Identification of “feels_like” outliers
print(feels_like_outliers)
## $lower_bound
## 25%
## 266.51
##
## $upper_bound
## 75%
## 328.59
##
## $outliers
## [1] 51
There are 44 outliers in “feels_like”, since they are all in
the valid range we will leave them.
Identification of “pressure” outliers
print(pressure_outliers)
## $lower_bound
## 25%
## 1002
##
## $upper_bound
## 75%
## 1026
##
## $outliers
## [1] 345
There are 165 outliers in “pressure”, since they are all in
the valid range we will leave them.
Identification of “humidity” outliers
print(humidity_outliers)
## $lower_bound
## 25%
## 22.5
##
## $upper_bound
## 75%
## 122.5
##
## $outliers
## [1] 10
There are 10 outliers in “humidity”, since they are all in
the valid range we will leave them.
Identification of “temp_min” outliers
print(temp_min_outliers)
## $lower_bound
## 25%
## 270.87
##
## $upper_bound
## 75%
## 317.11
##
## $outliers
## [1] 54
There are 54 outliers in “temp_min”, since they are all in
the valid range we will leave them.
Identification of “temp_max” outliers
print(temp_max_outliers)
## $lower_bound
## 25%
## 274.145
##
## $upper_bound
## 75%
## 320.505
##
## $outliers
## [1] 46
There are 51 outliers in “temp_max”, since they are all in
the valid range we will leave them.
Identification of “wind_speed” outliers
print(wind_speed_outliers)
## $lower_bound
## 25%
## -1.53
##
## $upper_bound
## 75%
## 10.79
##
## $outliers
## [1] 164
There are 165 outliers in “wind speed”, since they are all
in the valid range we will leave them.
Identification of “wind_deg” outliers
print(wind_deg_outliers)
## $lower_bound
## 25%
## -65
##
## $upper_bound
## 75%
## 375
##
## $outliers
## [1] 0
There are no outliers in “wind_deg”.
Identification of “wind_gust” outliers
print(wind_gust_outliers)
## $lower_bound
## 25%
## -11.58
##
## $upper_bound
## 75%
## 19.3
##
## $outliers
## [1] 19
There are 19 outliers in “wind_gust”, Since the lower bound
can not be negative it is necessary to explore further.
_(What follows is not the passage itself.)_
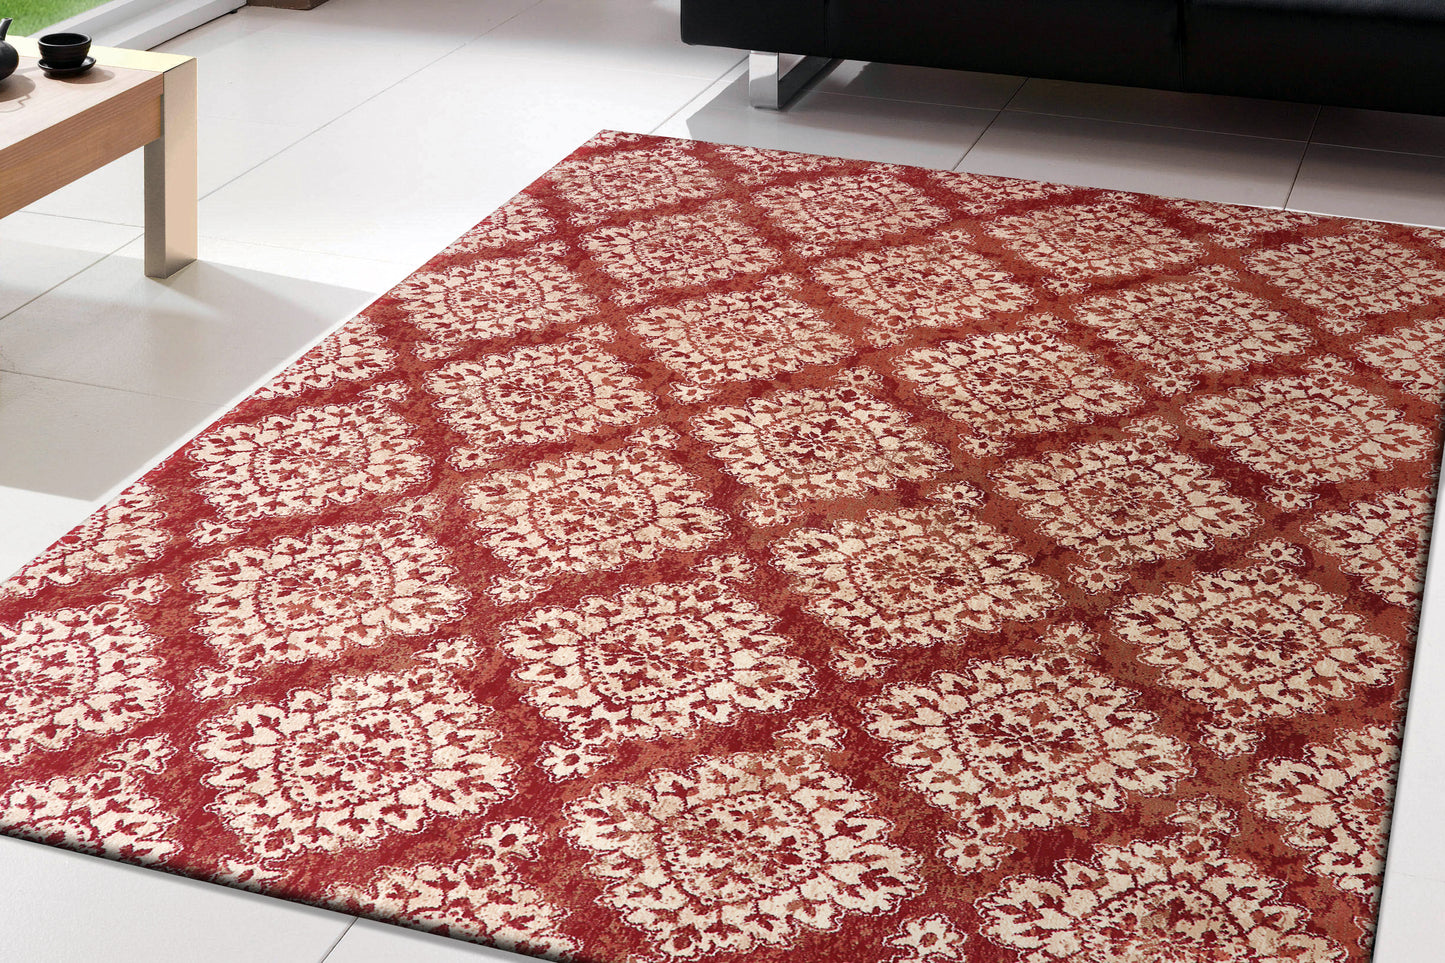 Melody 985015-619 Terracotta Area Rug
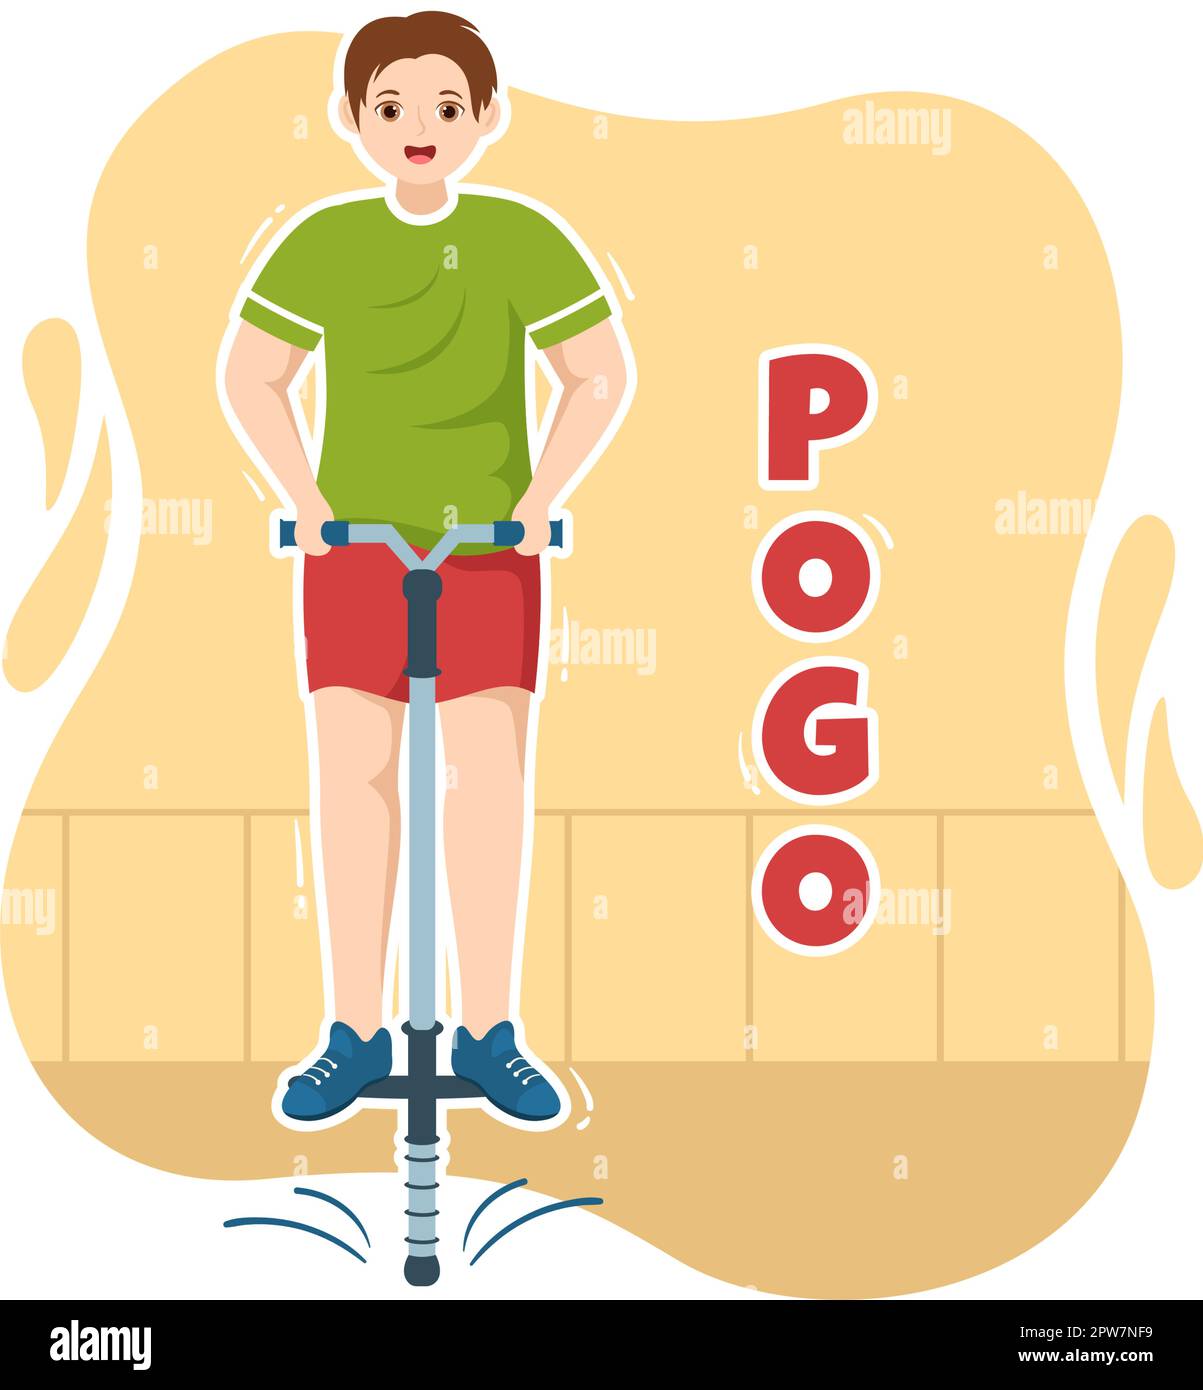 People Playing With Sport Jump Pogo Stick Illustration for Web Banner or Landing Page in Outdoor Fun Toy Flat Cartoon Hand Drawn Templates Stock Vector

hist(houston_weather_mdf$wind_gust)
The histogram provides a visual aid that allows us to safely say that
there are no incorrect values.
Identification of “clouds_all” outliers
print(clouds_all_outliers)
## $lower_bound
## 25%
## -150
##
## $upper_bound
## 75%
## 250
##
## $outliers
## [1] 0
We can find no outliers in “clouds_all”
Our data set is now clean, outliers have been identified and
understood, missing values have been identified, explained and replaced,
the data frame is now ready to be analysed further.
Data Analysis
In this section we will try to understand patterns using graphs and
searching for possible causal effects.
Temperature
# Histogram for Temperature with Mean and Median
hist(houston_weather_mdf$temp, 20, main = "Histogram of Temperature", xlab = "Temperature", col = "blue")
abline(v = mean(houston_weather_mdf$temp, na.rm = TRUE), col = "red", lwd = 2) # Mean line
median_temp <- median(houston_weather_mdf$temp, na.rm = TRUE)
abline(v = median_temp, col = "darkgreen", lwd = 2) # Median line
The histogram represents the distribution of temperature in Houston over
one year, divided in 20 bins ranging from 266.1ºK to 315.0ºK. The
distribution has a slightly left-skewed shape with its peak at around
301ºK, this suggests that the temperature around this value occurred
most frequently within the observed period.
houston_weather_mdf$season <- factor(houston_weather_mdf$season, levels = c("Winter", "Spring", "Summer", "Autumn"))
# Box plot of temperature by season
ggplot(houston_weather_mdf, aes(x=season, y=temp, fill=season)) +
geom_boxplot() +
theme_bw() +
labs(title="Temperature Distribution by Season", x="Season", y="Temperature(ºK)") +
theme(legend.position="none")
The graph is a boxplot illustrating the distribution of temperatures
across four seasons: Winter, Spring, Summer and Autumn. Each boxplot
represents the interquartile range (IQR) of temperatures for a season,
with the box’s bottom and top edges indicating the first (Q1) and third
(Q3) quartiles, respectively. The line inside each box denotes the
median temperature. The “whiskers” extend from the boxes to show the
range of the data, while points below or above the whiskers indicate
potential outliers.
Winter has the lowest median temperature, around 288ºK, with an IQR
similar to Autumn, indicating consistent cooler temperatures. Spring
shows a higher median temperature close to 295ºK, with a slightly wider
IQR. Summer has the highest median temperature, above 300ºK, indicating
it’s the warmest season, and also displays a broad IQR, suggesting
significant variation in temperatures. Autumn has a median temperature
just above 290ºK, with a relatively narrow IQR suggesting less
variability in temperatures. There are a few outliers in the Winter and
Spring seasons, indicating occasional temperatures that fall well below
the typical range.
# Convert numeric month to month names (optional)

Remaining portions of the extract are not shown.